_Exercise data_:
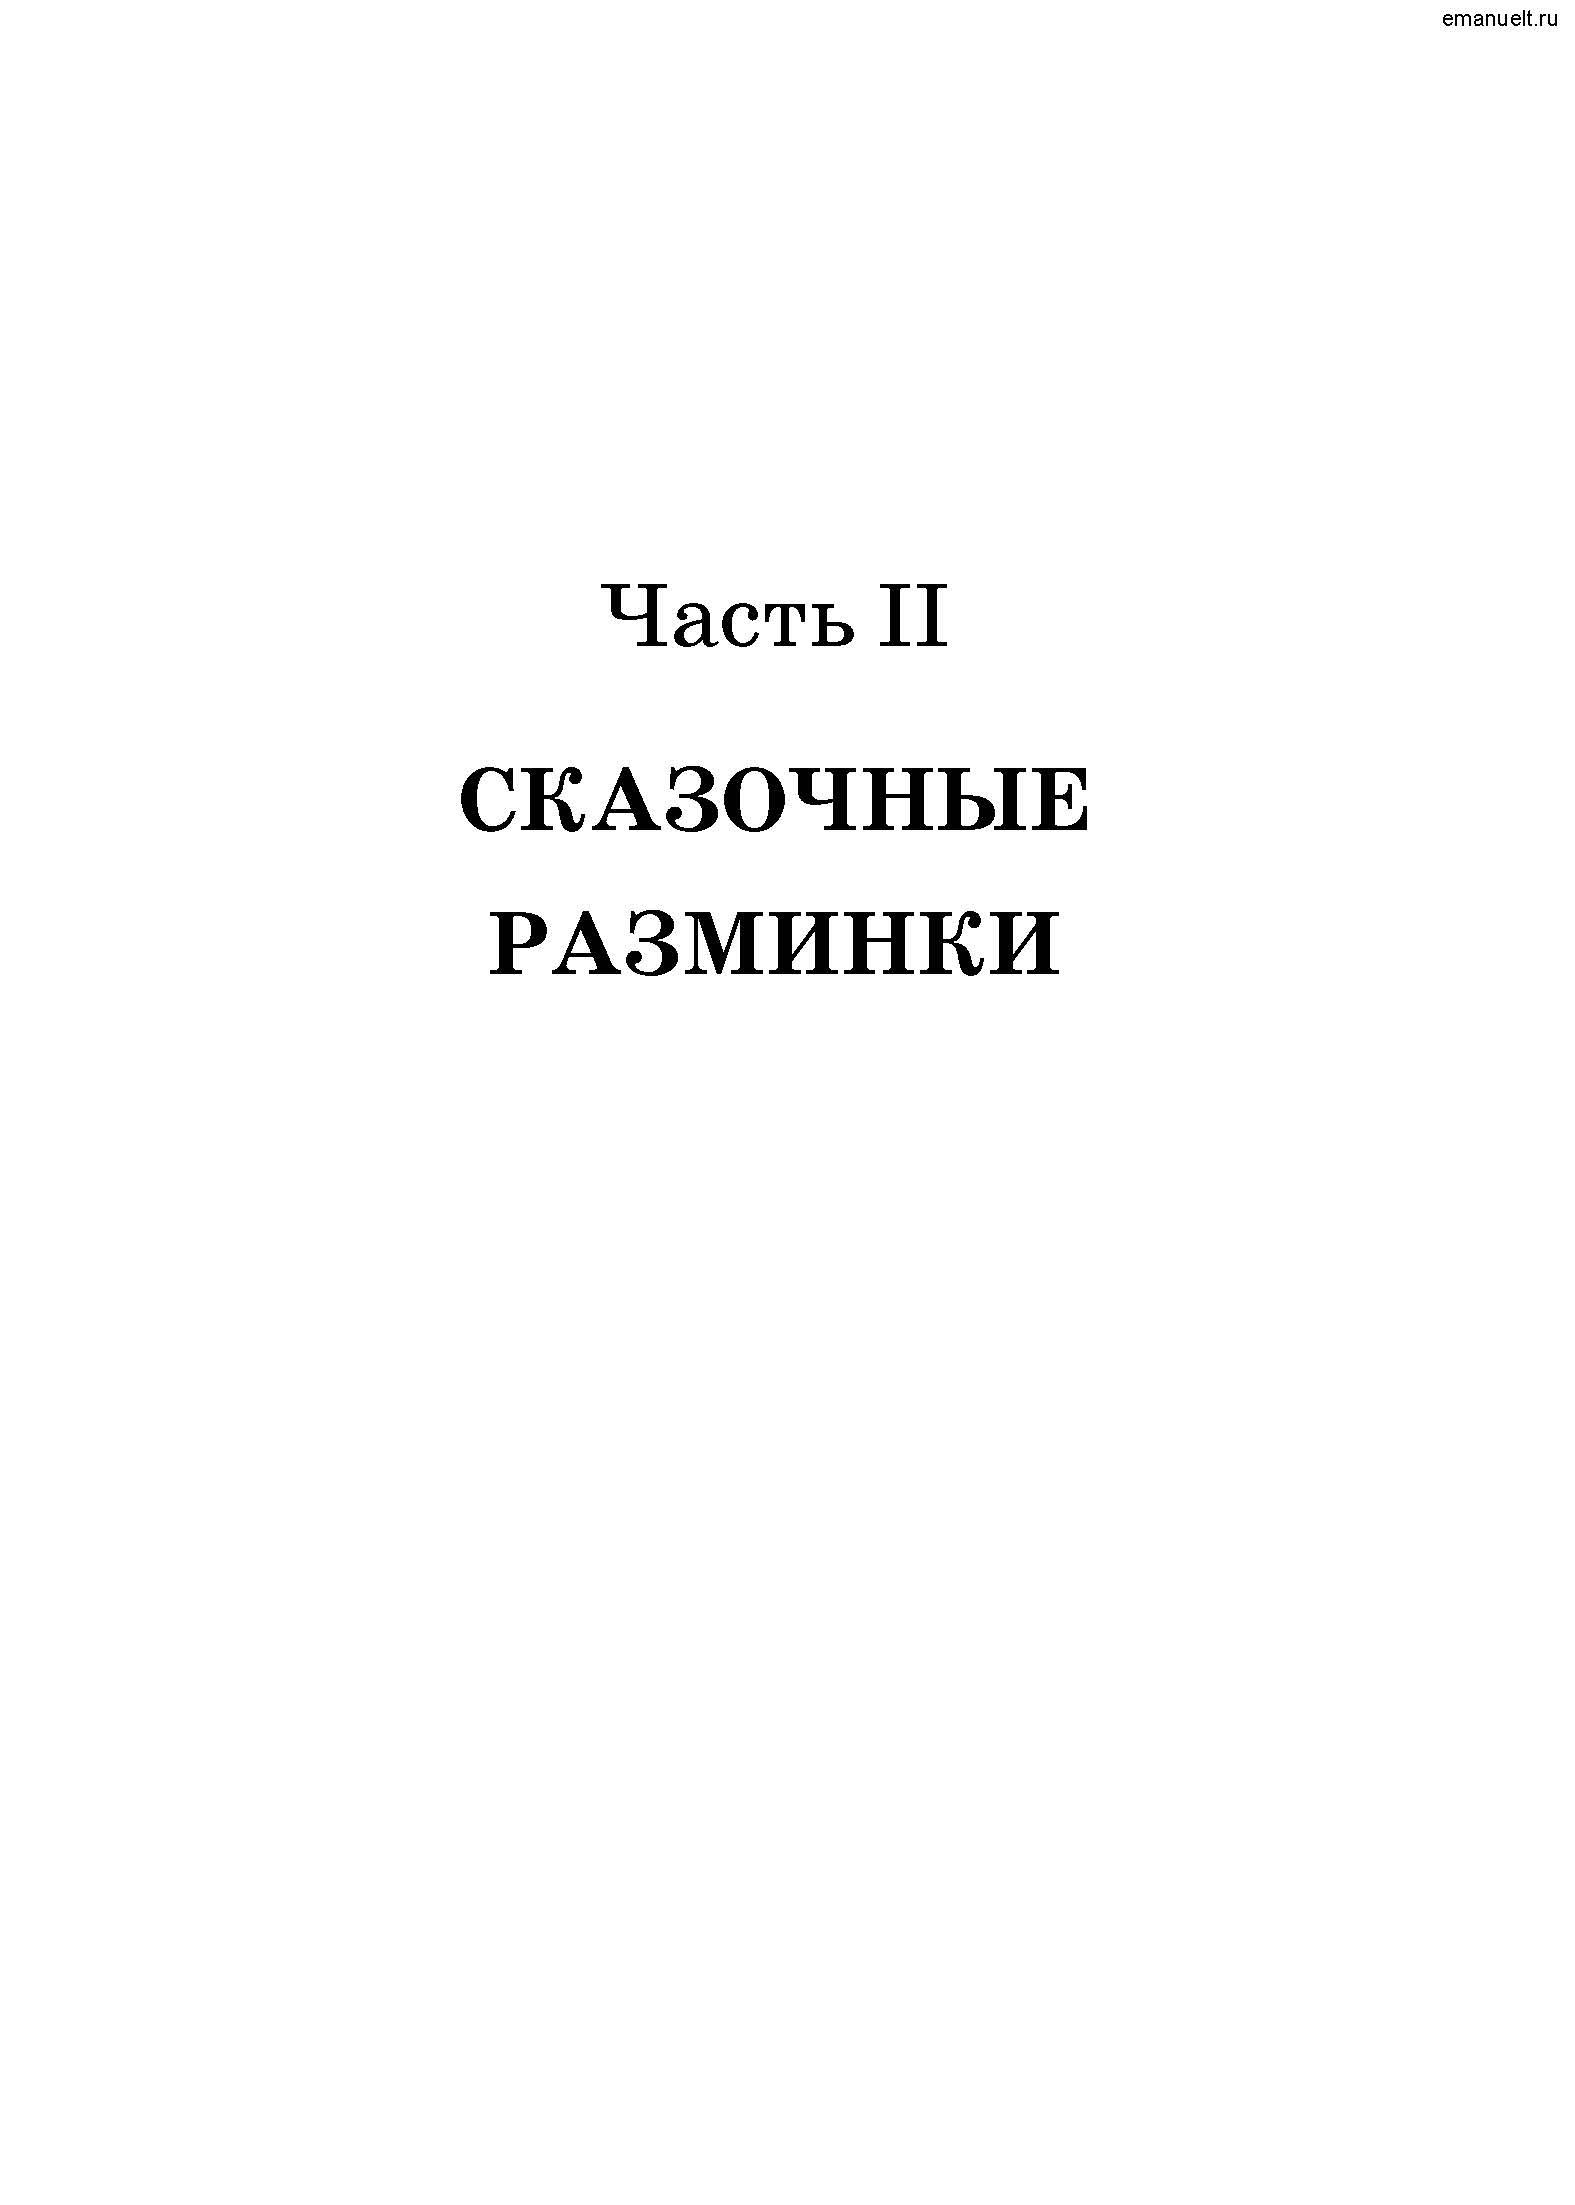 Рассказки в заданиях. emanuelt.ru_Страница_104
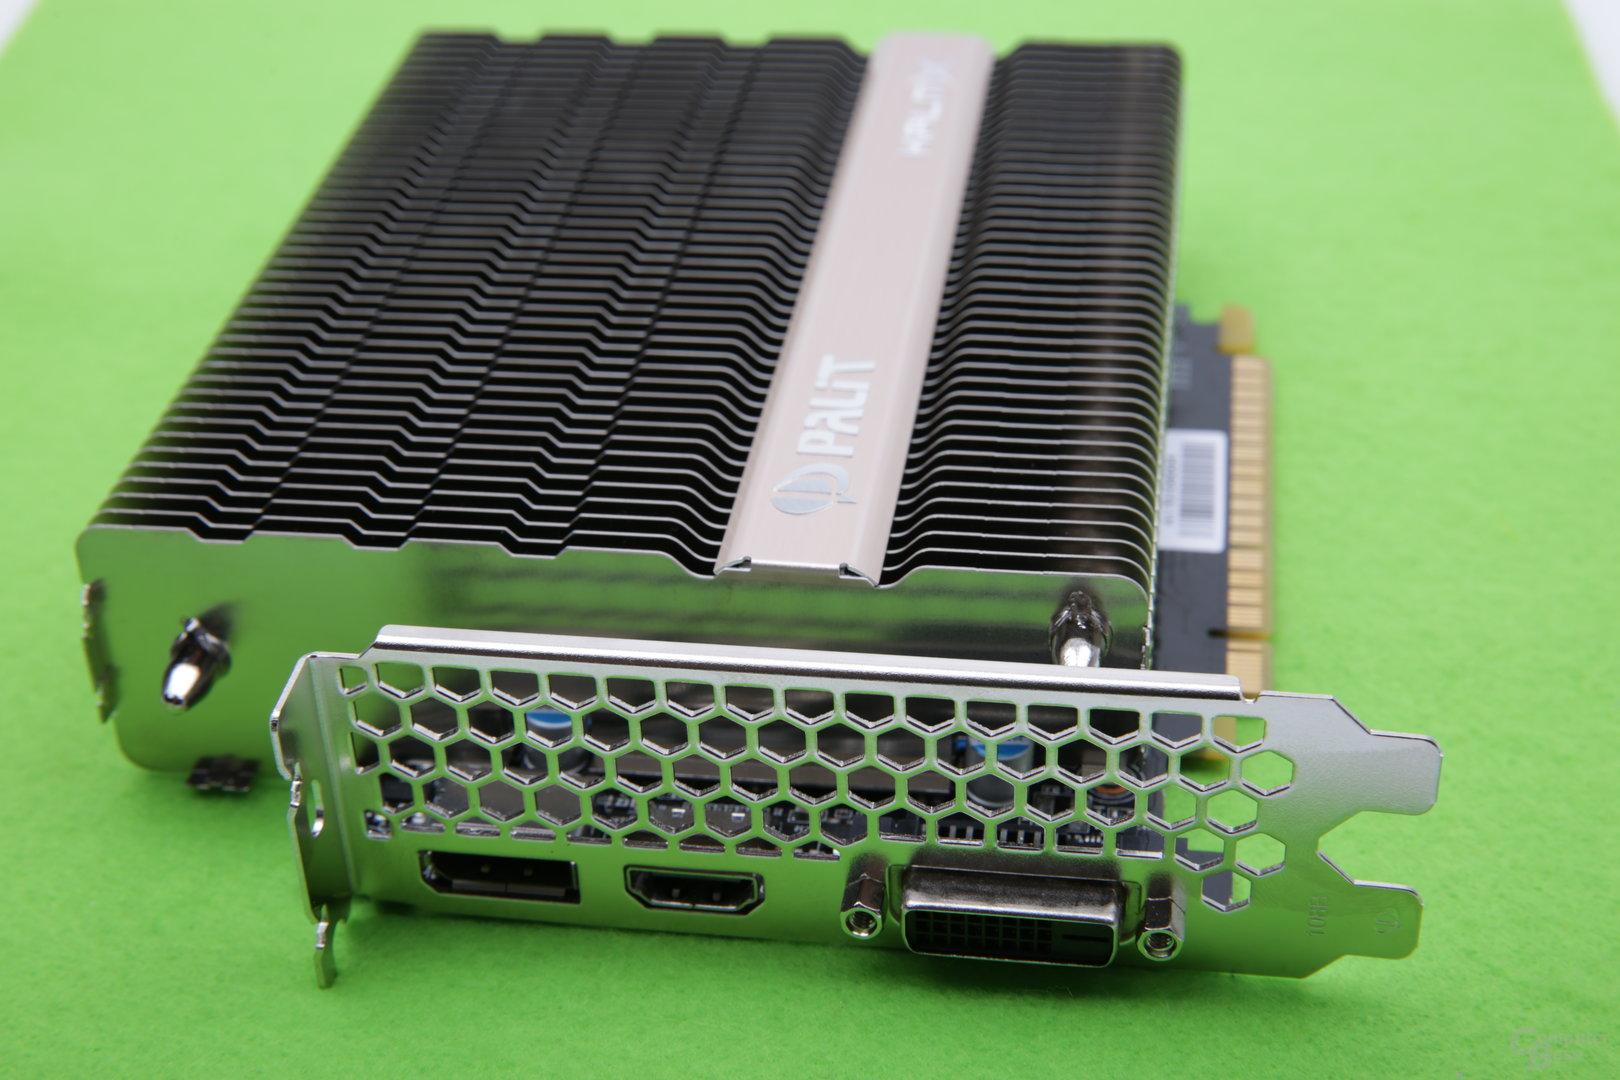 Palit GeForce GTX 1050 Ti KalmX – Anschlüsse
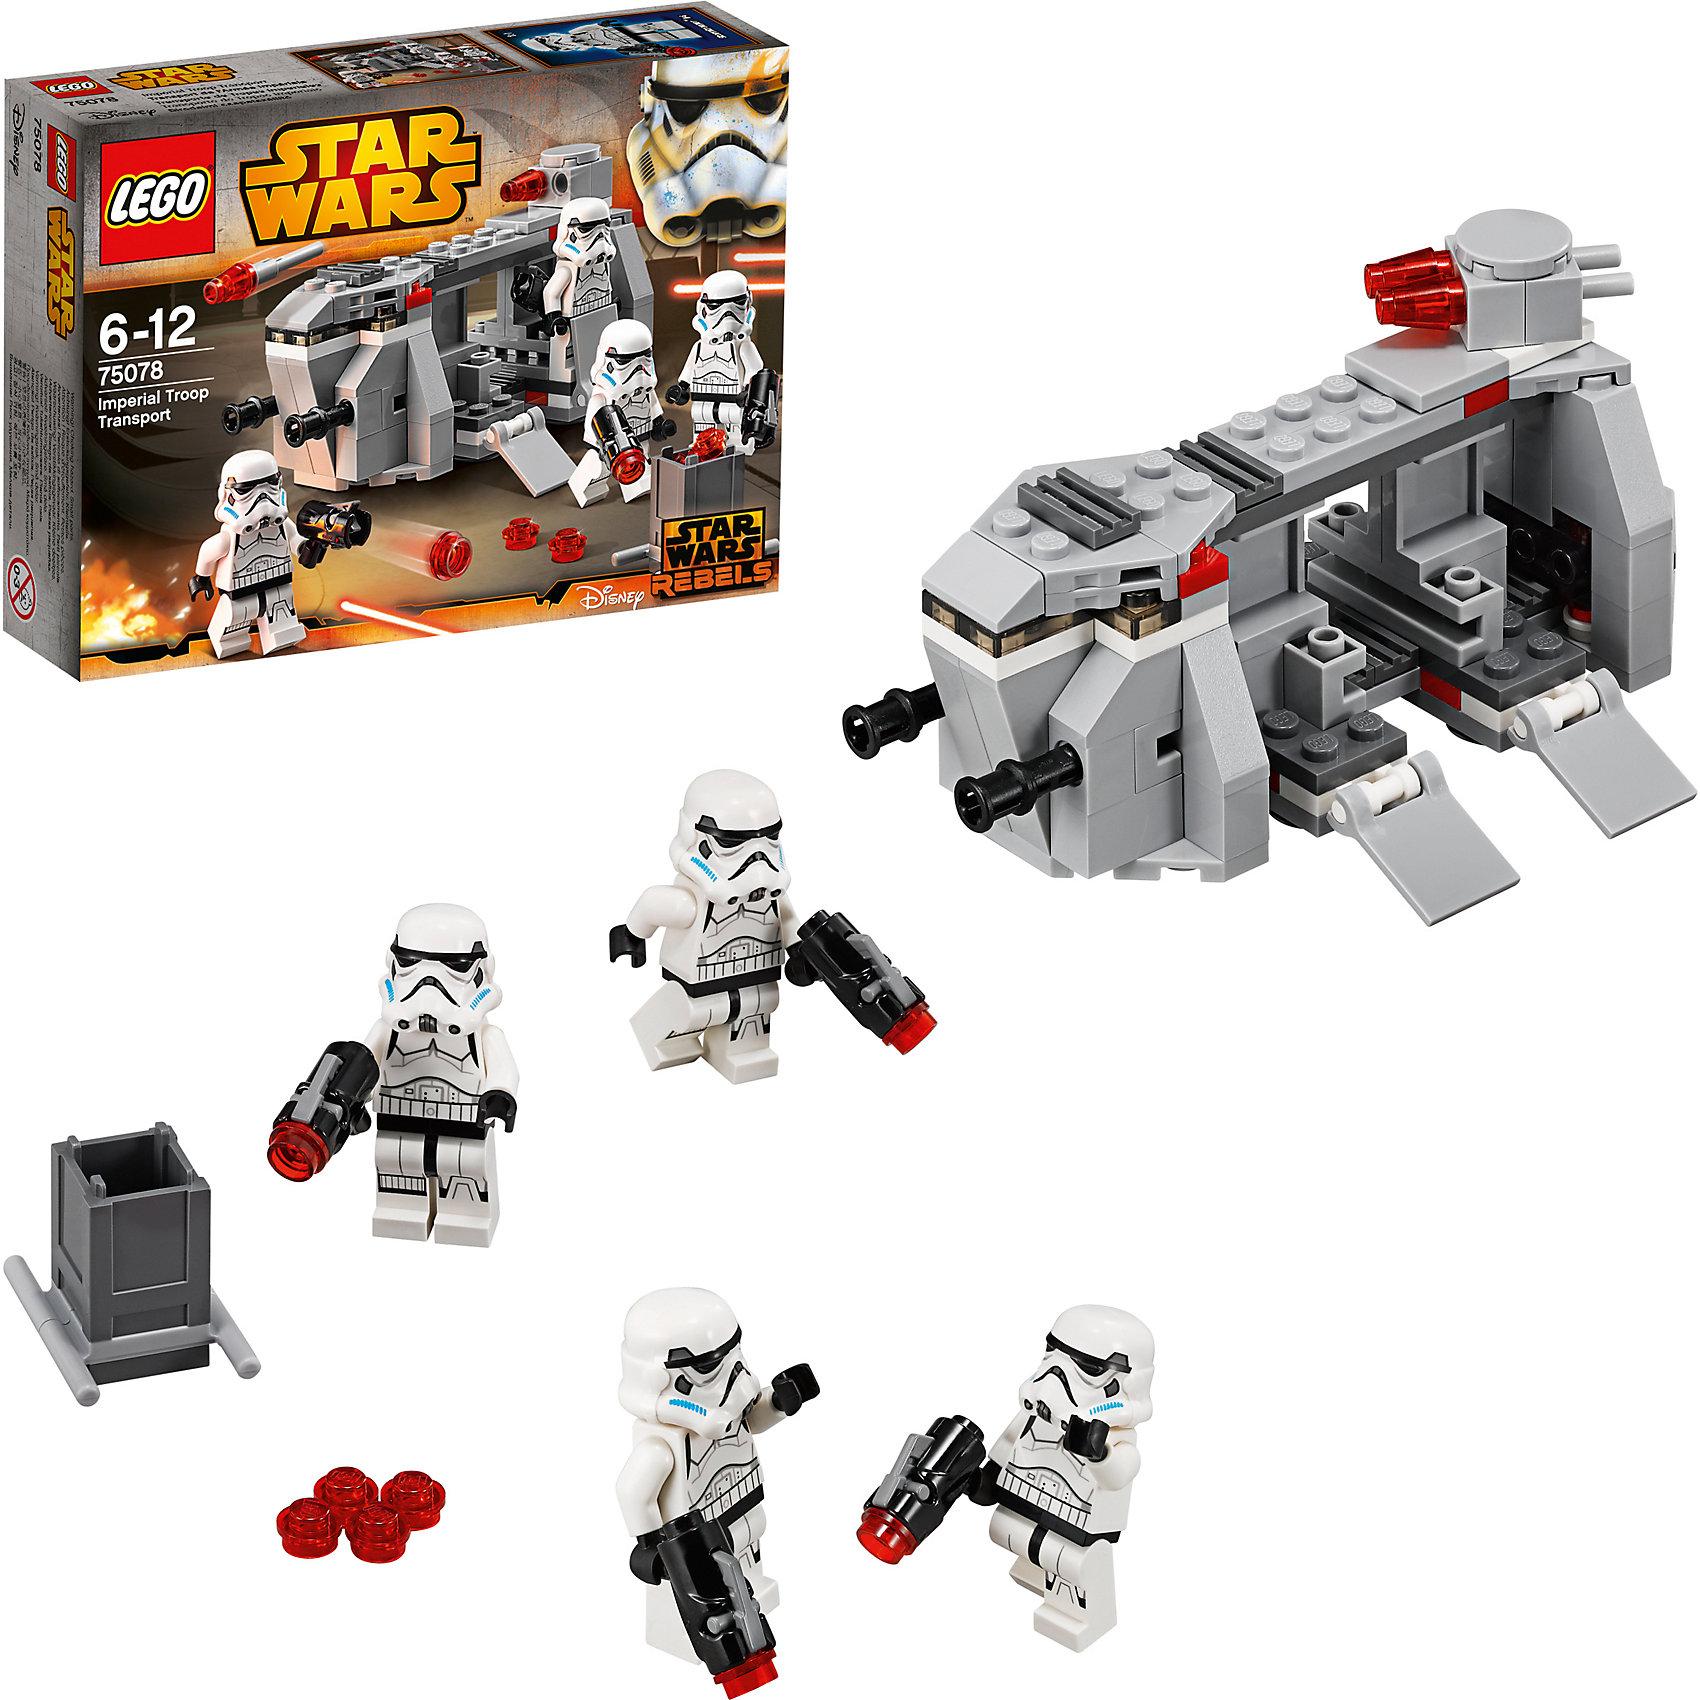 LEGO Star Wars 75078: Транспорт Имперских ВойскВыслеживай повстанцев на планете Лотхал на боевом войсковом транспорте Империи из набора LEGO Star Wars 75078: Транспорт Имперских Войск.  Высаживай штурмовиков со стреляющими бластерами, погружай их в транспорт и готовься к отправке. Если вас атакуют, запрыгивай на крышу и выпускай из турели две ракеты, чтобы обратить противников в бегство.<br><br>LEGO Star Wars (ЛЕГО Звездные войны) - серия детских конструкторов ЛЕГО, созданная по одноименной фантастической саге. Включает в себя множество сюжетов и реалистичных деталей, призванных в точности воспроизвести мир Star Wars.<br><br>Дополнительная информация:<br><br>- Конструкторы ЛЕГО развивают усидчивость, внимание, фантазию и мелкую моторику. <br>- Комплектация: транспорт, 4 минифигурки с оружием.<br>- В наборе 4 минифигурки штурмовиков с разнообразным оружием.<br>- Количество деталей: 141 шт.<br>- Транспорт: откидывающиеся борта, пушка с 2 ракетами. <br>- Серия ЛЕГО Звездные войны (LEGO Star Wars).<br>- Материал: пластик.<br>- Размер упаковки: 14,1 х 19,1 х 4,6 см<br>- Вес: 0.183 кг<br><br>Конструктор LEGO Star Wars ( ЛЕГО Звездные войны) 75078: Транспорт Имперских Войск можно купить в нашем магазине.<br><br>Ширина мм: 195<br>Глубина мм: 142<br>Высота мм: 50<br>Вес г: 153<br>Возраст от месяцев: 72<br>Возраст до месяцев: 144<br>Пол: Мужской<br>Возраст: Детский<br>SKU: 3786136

_Directions for this task_:
Reprint the whole listing above exactly, taking out the pictures.

_Response to this task_:
 Рассказки в заданиях. emanuelt.ru_Страница_104
 Palit GeForce GTX 1050 Ti KalmX – Anschlüsse
 LEGO Star Wars 75078: Транспорт Имперских ВойскВыслеживай повстанцев на планете Лотхал на боевом войсковом транспорте Империи из набора LEGO Star Wars 75078: Транспорт Имперских Войск.  Высаживай штурмовиков со стреляющими бластерами, погружай их в транспорт и готовься к отправке. Если вас атакуют, запрыгивай на крышу и выпускай из турели две ракеты, чтобы обратить противников в бегство.<br><br>LEGO Star Wars (ЛЕГО Звездные войны) - серия детских конструкторов ЛЕГО, созданная по одноименной фантастической саге. Включает в себя множество сюжетов и реалистичных деталей, призванных в точности воспроизвести мир Star Wars.<br><br>Дополнительная информация:<br><br>- Конструкторы ЛЕГО развивают усидчивость, внимание, фантазию и мелкую моторику. <br>- Комплектация: транспорт, 4 минифигурки с оружием.<br>- В наборе 4 минифигурки штурмовиков с разнообразным оружием.<br>- Количество деталей: 141 шт.<br>- Транспорт: откидывающиеся борта, пушка с 2 ракетами. <br>- Серия ЛЕГО Звездные войны (LEGO Star Wars).<br>- Материал: пластик.<br>- Размер упаковки: 14,1 х 19,1 х 4,6 см<br>- Вес: 0.183 кг<br><br>Конструктор LEGO Star Wars ( ЛЕГО Звездные войны) 75078: Транспорт Имперских Войск можно купить в нашем магазине.<br><br>Ширина мм: 195<br>Глубина мм: 142<br>Высота мм: 50<br>Вес г: 153<br>Возраст от месяцев: 72<br>Возраст до месяцев: 144<br>Пол: Мужской<br>Возраст: Детский<br>SKU: 3786136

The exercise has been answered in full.